> Problem requirements:
Starting at the line containing "protect garden furniture cover" and ending at the line containing "Cake Decorated with White Freesia", transcribe the listing below exactly. Keep both end lines, skip the pictures, and copy nothing else.

> Supplied records:
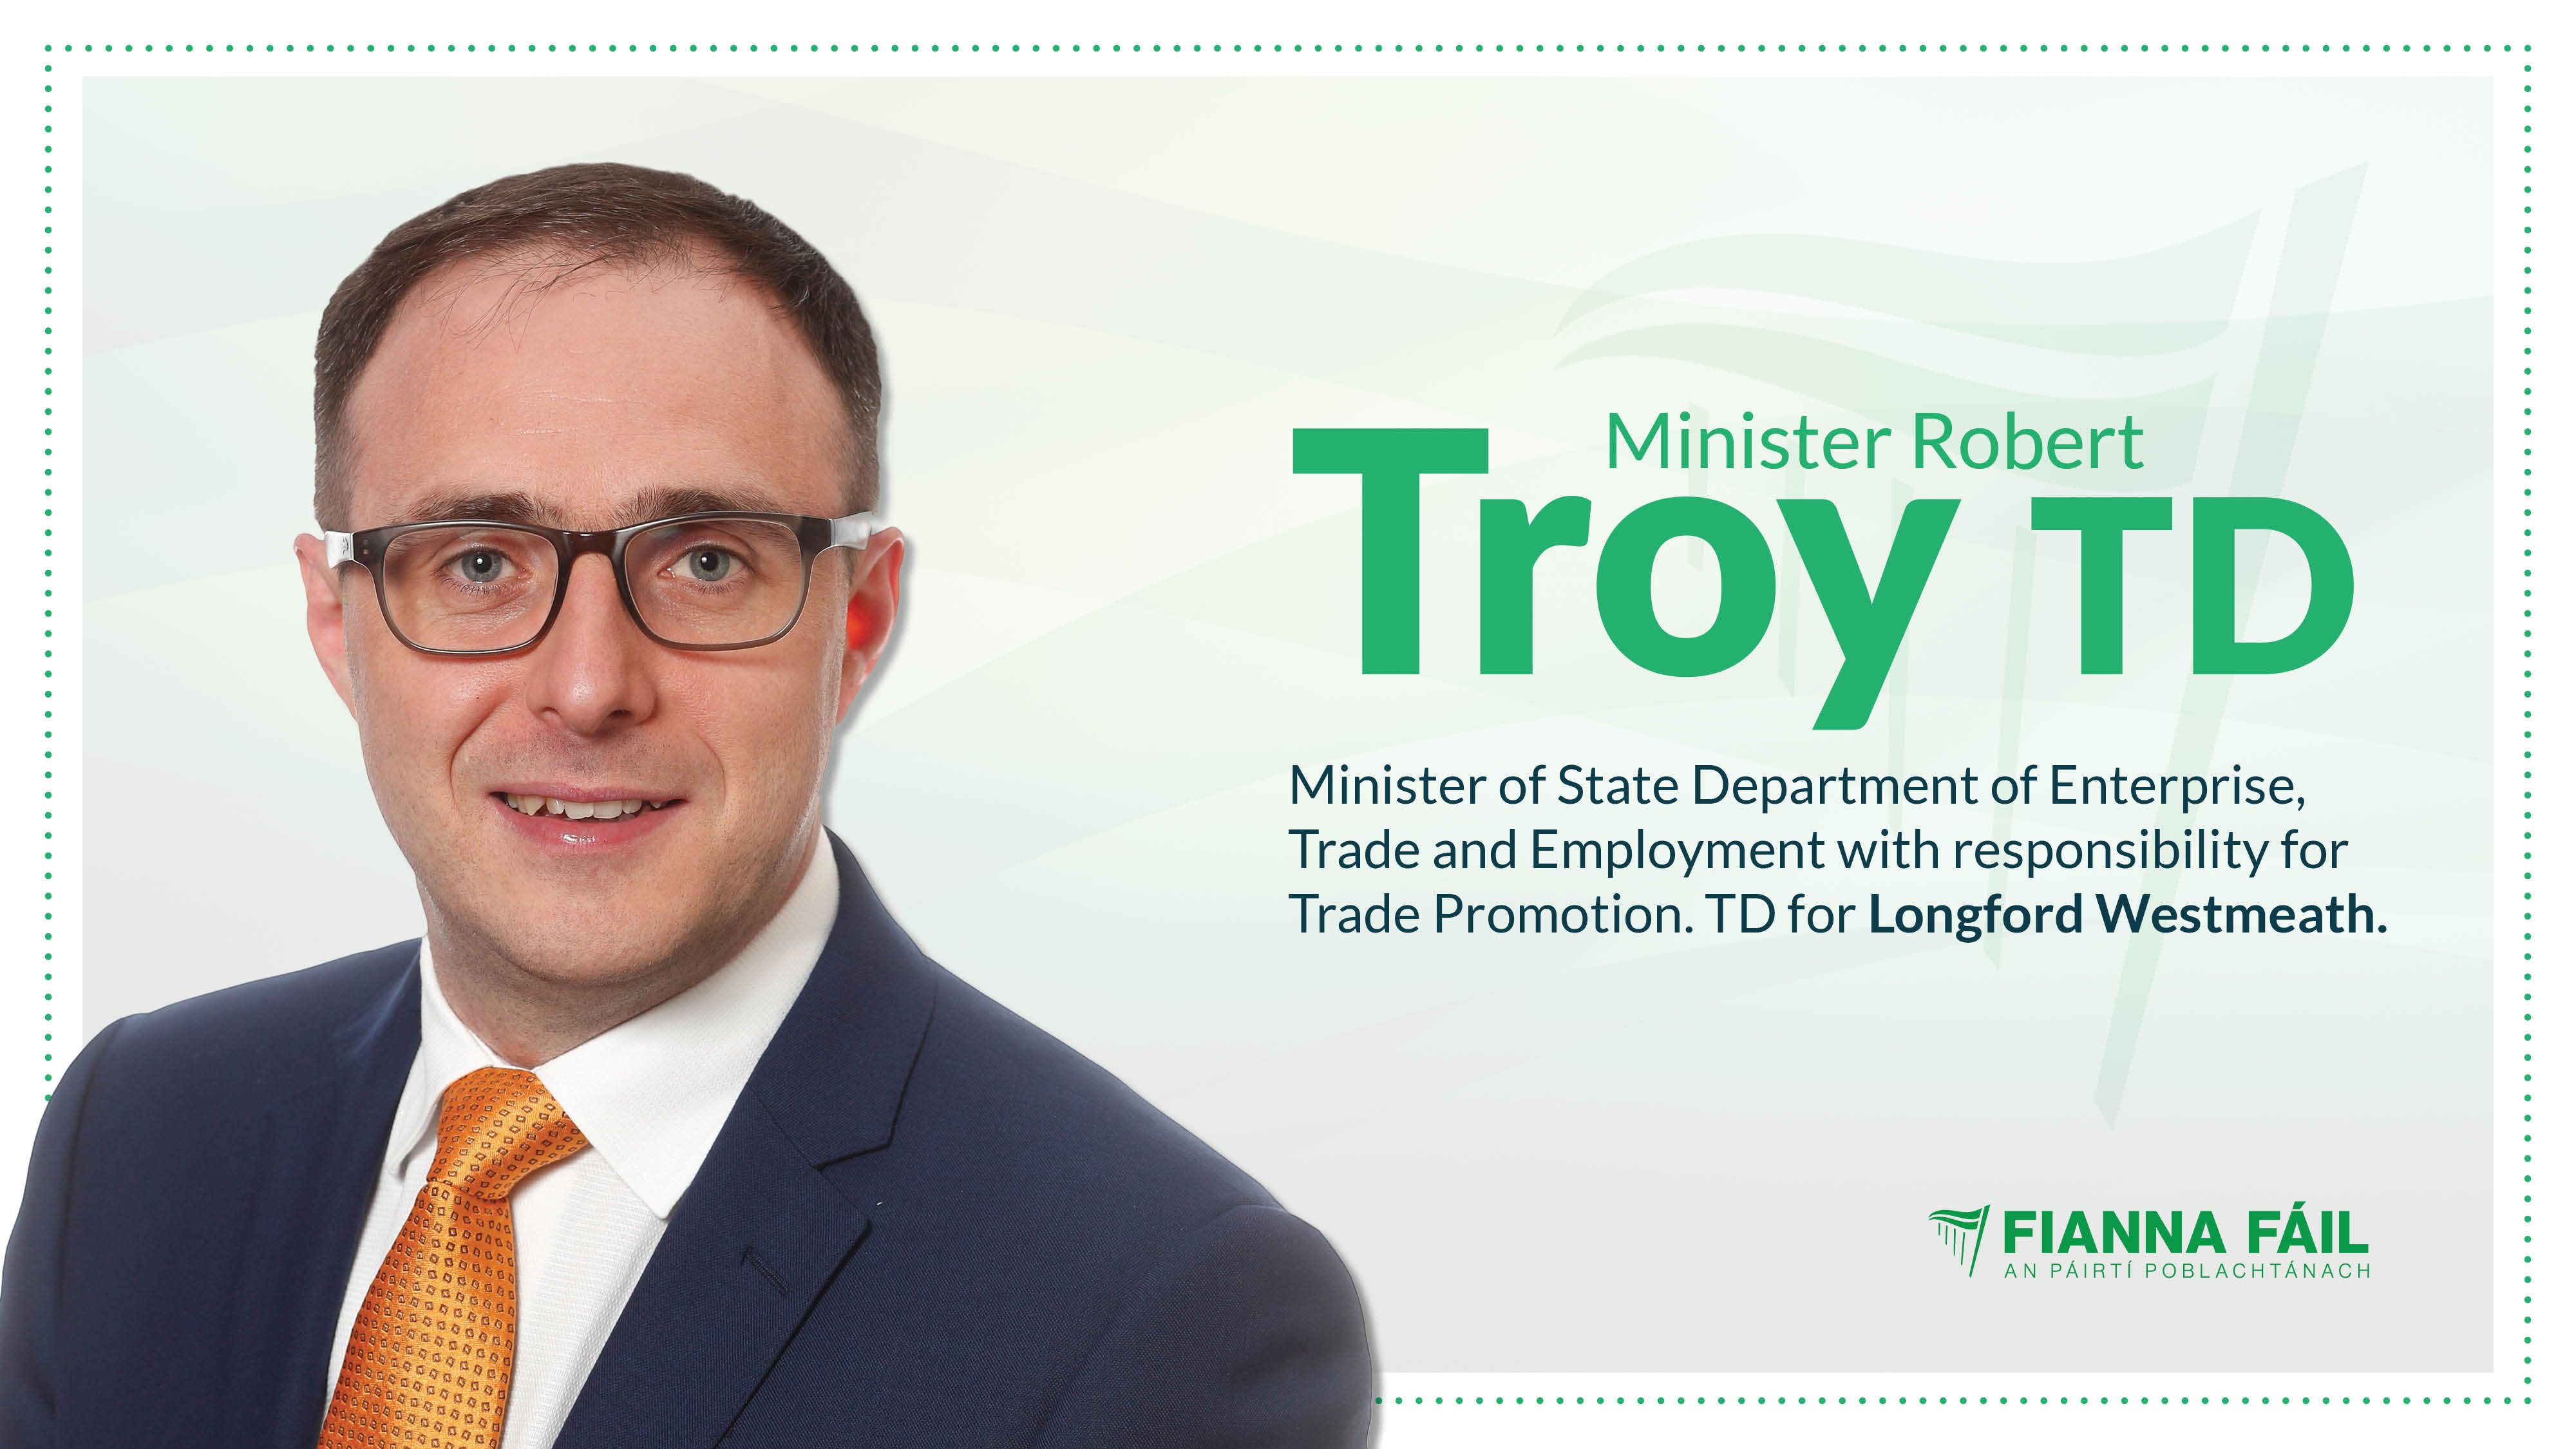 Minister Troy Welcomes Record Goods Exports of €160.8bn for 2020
==
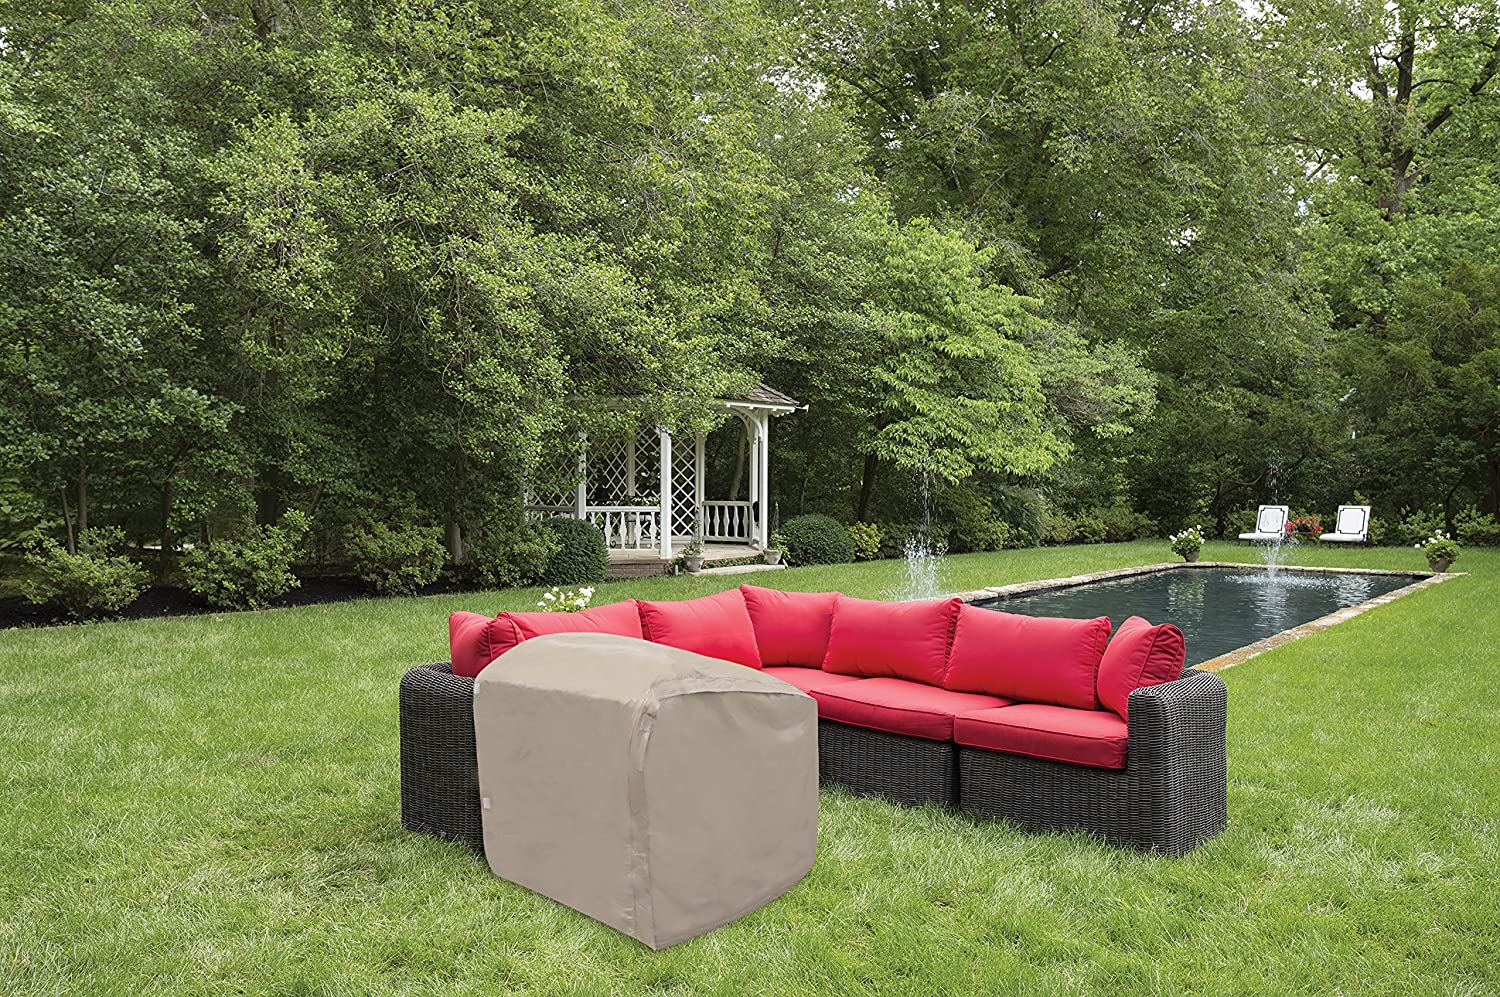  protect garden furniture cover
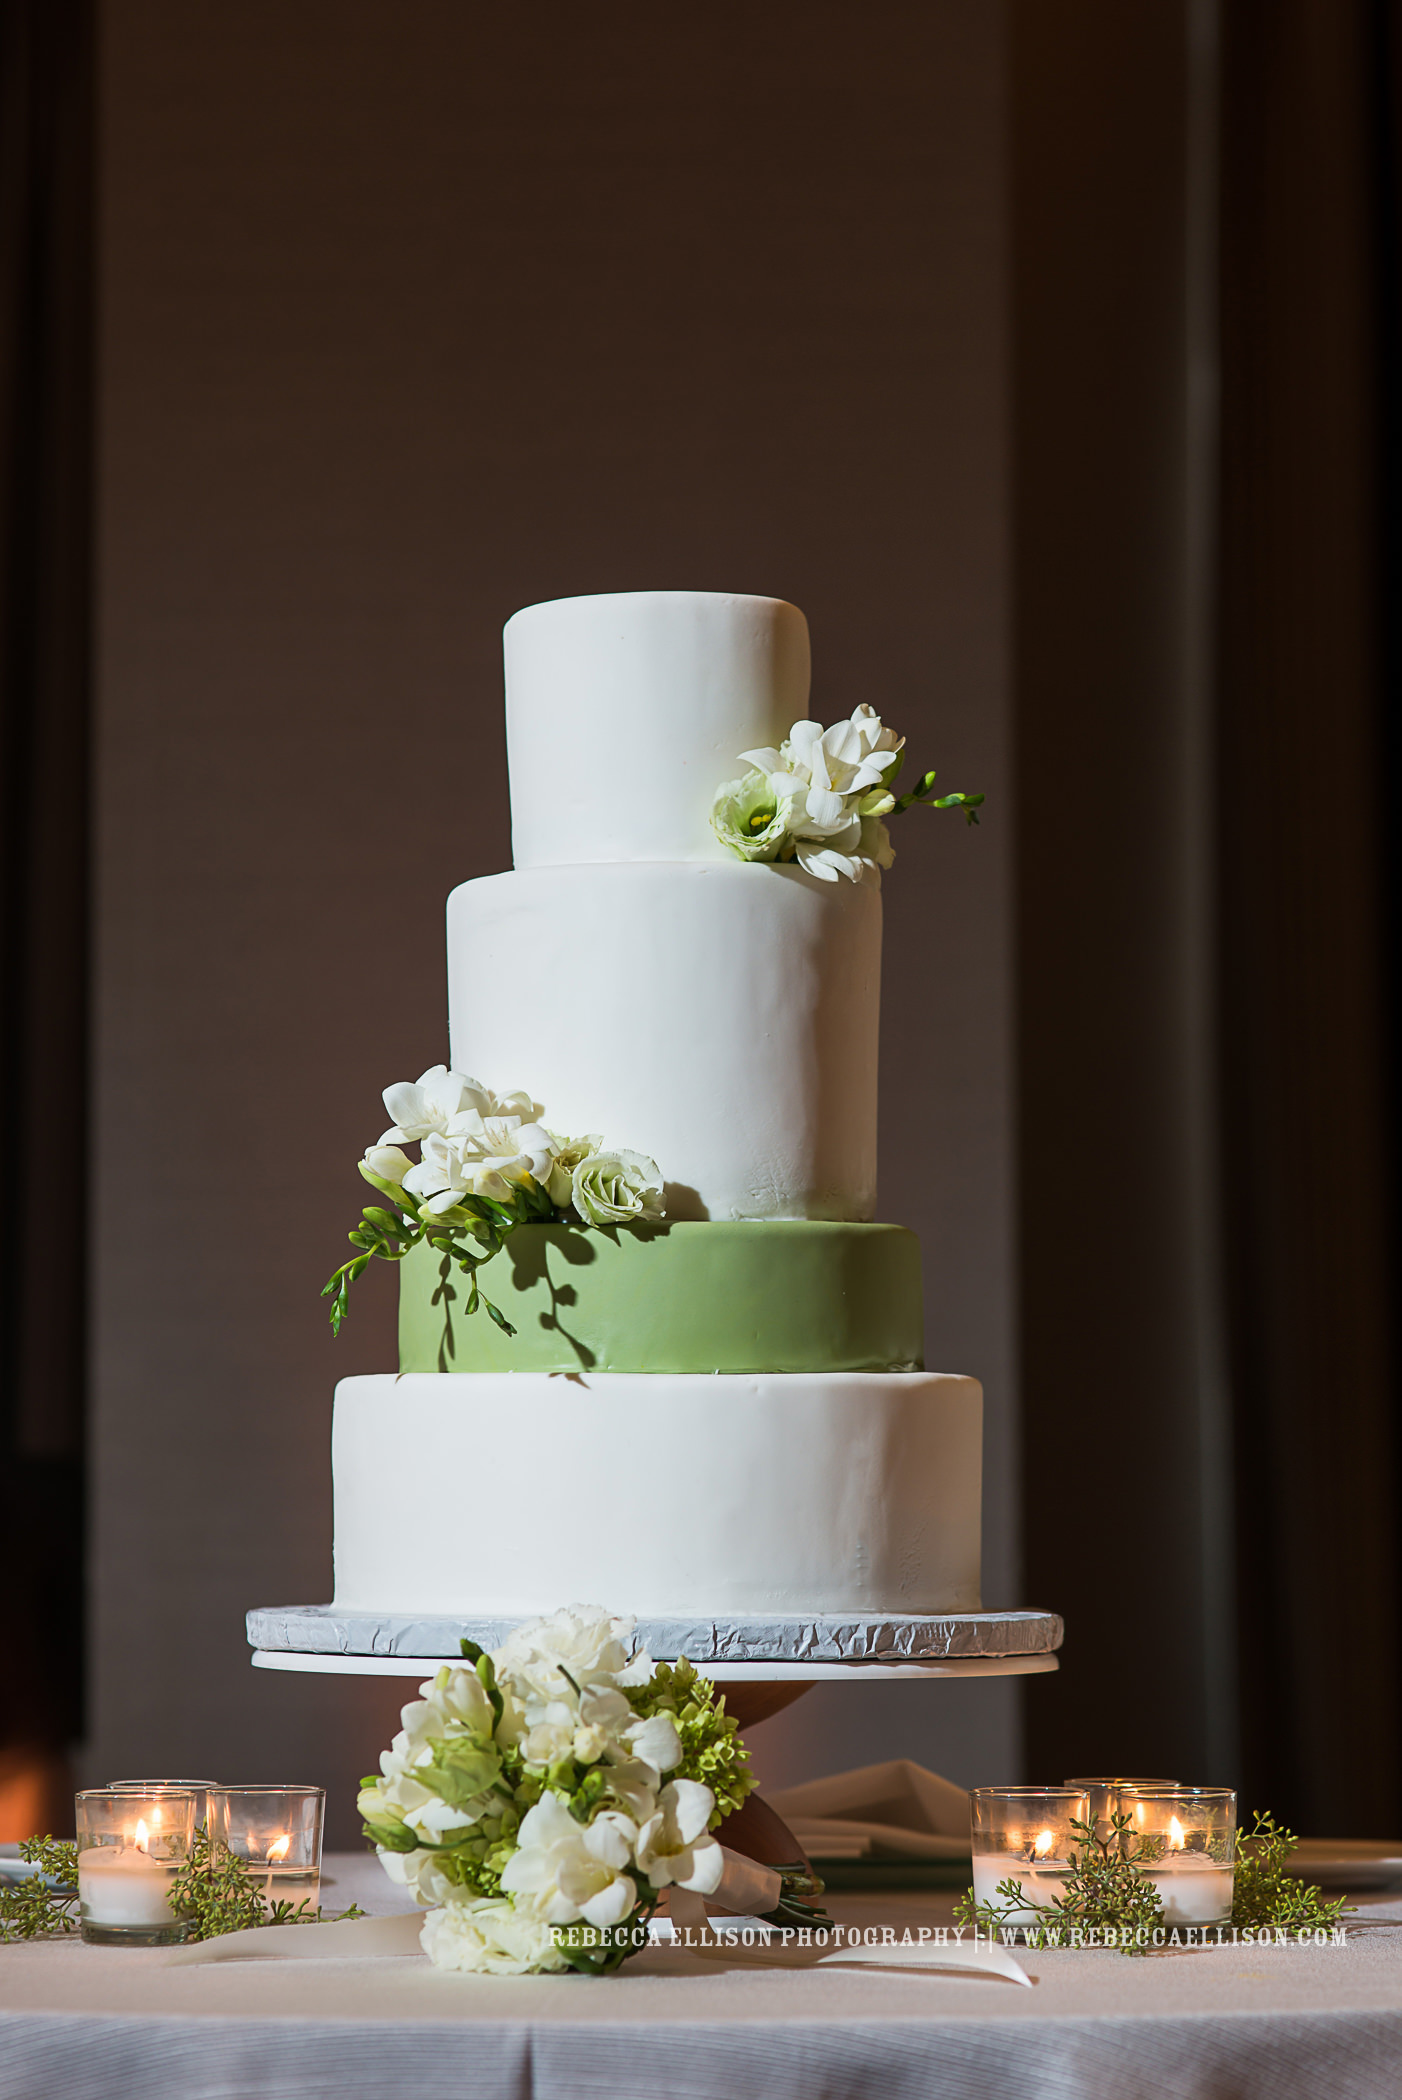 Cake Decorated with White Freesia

> Your solution:
  protect garden furniture cover
 Cake Decorated with White Freesia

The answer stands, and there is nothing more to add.